The trunk branch has been updated by Richard Sandiford <rsandifo@gcc.gnu.org>: https://gcc.gnu.org/g:9db997e5ac4a206b9428eb2447fcdc90e37725f4 commit r15-3212-g9db997e5ac4a206b9428eb2447fcdc90e37725f4 Author: Richard Sandiford <richard.sandiford@arm.com> Date: Tue Aug 27 09:48:28 2024 +0100 lra: Don't apply eliminations to allocated registers [PR116321] The sequence of events in this PR is that: - the function has many addresses in which only a single hard base register is acceptable. Let's call the hard register H. - IRA allocates that register to one of the pseudo base registers. Let's call the pseudo register P. - Some of the other addresses that require H occur when P is still live. - LRA therefore has to spill P. - When it reallocates P, LRA chooses to use FRAME_POINTER_REGNUM, which has been eliminated to the stack pointer. (This is ok, since the frame register is free.) - Spilling P causes LRA to reprocess the instruction that uses P. - When reprocessing the address that has P as its base, LRA first applies the new allocation, to get FRAME_POINTER_REGNUM, and then applies the elimination, to get the stack pointer. The last step seems wrong: the elimination should only apply to pre-existing uses of FRAME_POINTER_REGNUM, not to uses that result from allocating pseudos. Applying both means that we get the wrong register number, and therefore the wrong class. The PR is about an existing testcase that fails with LRA on m86k. gcc/ PR middle-end/116321 * lra-constraints.cc (get_hard_regno): Only apply eliminations to existing hard registers. (get_reg_class): Likewise.
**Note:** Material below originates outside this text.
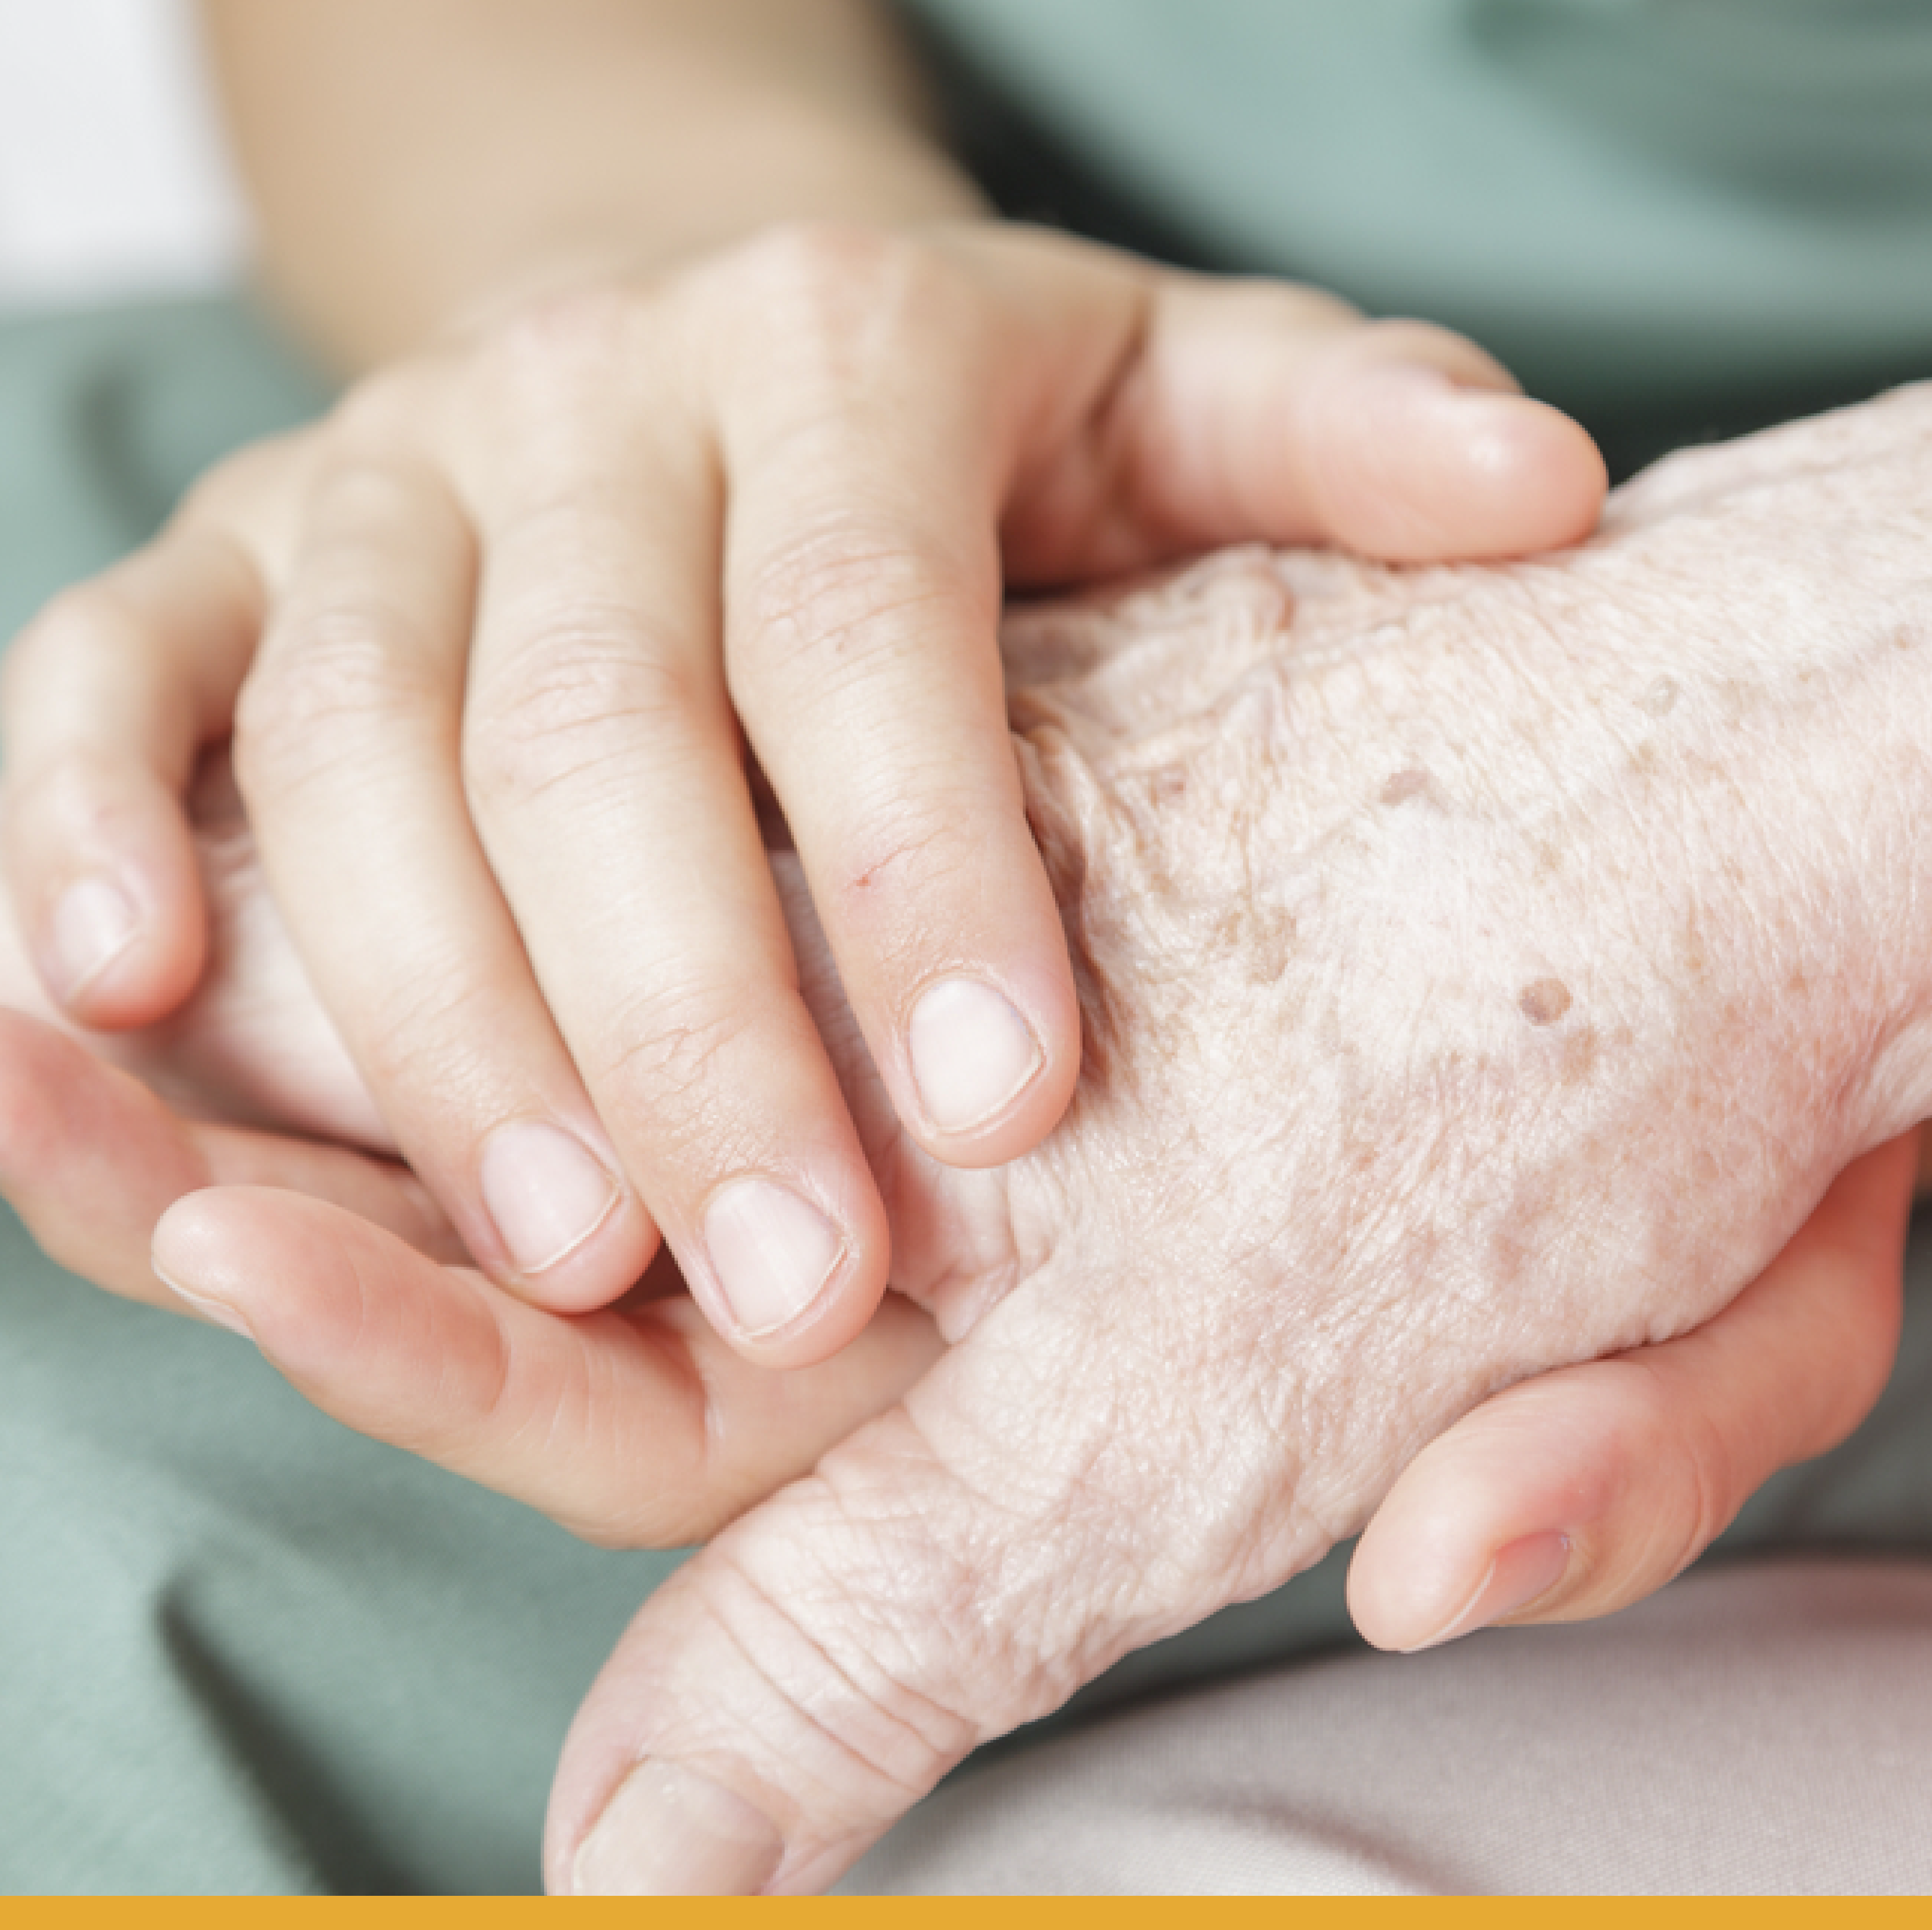 Elderly person holding a young person's hand

(In reply to GCC Commits from comment #6) > The PR is about an existing testcase that fails with LRA on m86k. > > gcc/ > PR middle-end/116321 > * lra-constraints.cc (get_hard_regno): Only apply eliminations > to existing hard registers. > (get_reg_class): Likewise. Hi Richard, as far as I can tell the bug is still somewhere in LRA. With your patch and -Os like in the initial report, the test compiles fine. But with -O0, it still breaks: $ avr-gcc -S lra-bug.c -O0 -mlra lra-bug.c:6:1: internal compiler error: in get_reload_reg, at lra-constraints.cc:755 6 | } | ^ gcc version 15.0.0 20240829 (experimental) (GCC) ...ok, the ICE is actually from a different place now (LRA instead of backend), so the remaining ICE is PR116326 I guess?
The master branch has been updated by Georg-Johann Lay <gjl@gcc.gnu.org>: https://gcc.gnu.org/g:e8378231bb88582274e641e57766da613fe067bd commit r15-3512-ge8378231bb88582274e641e57766da613fe067bd Author: Georg-Johann Lay <avr@gjlay.de> Date: Fri Sep 6 13:47:12 2024 +0200 AVR: lra/116321 - Add test case. PR rtl-optimization/116321 gcc/testsuite/ * gcc.target/avr/torture/lra-pr116321.c: New test.
Fixed by r15-3212. The remaining ICE is a different PR116326.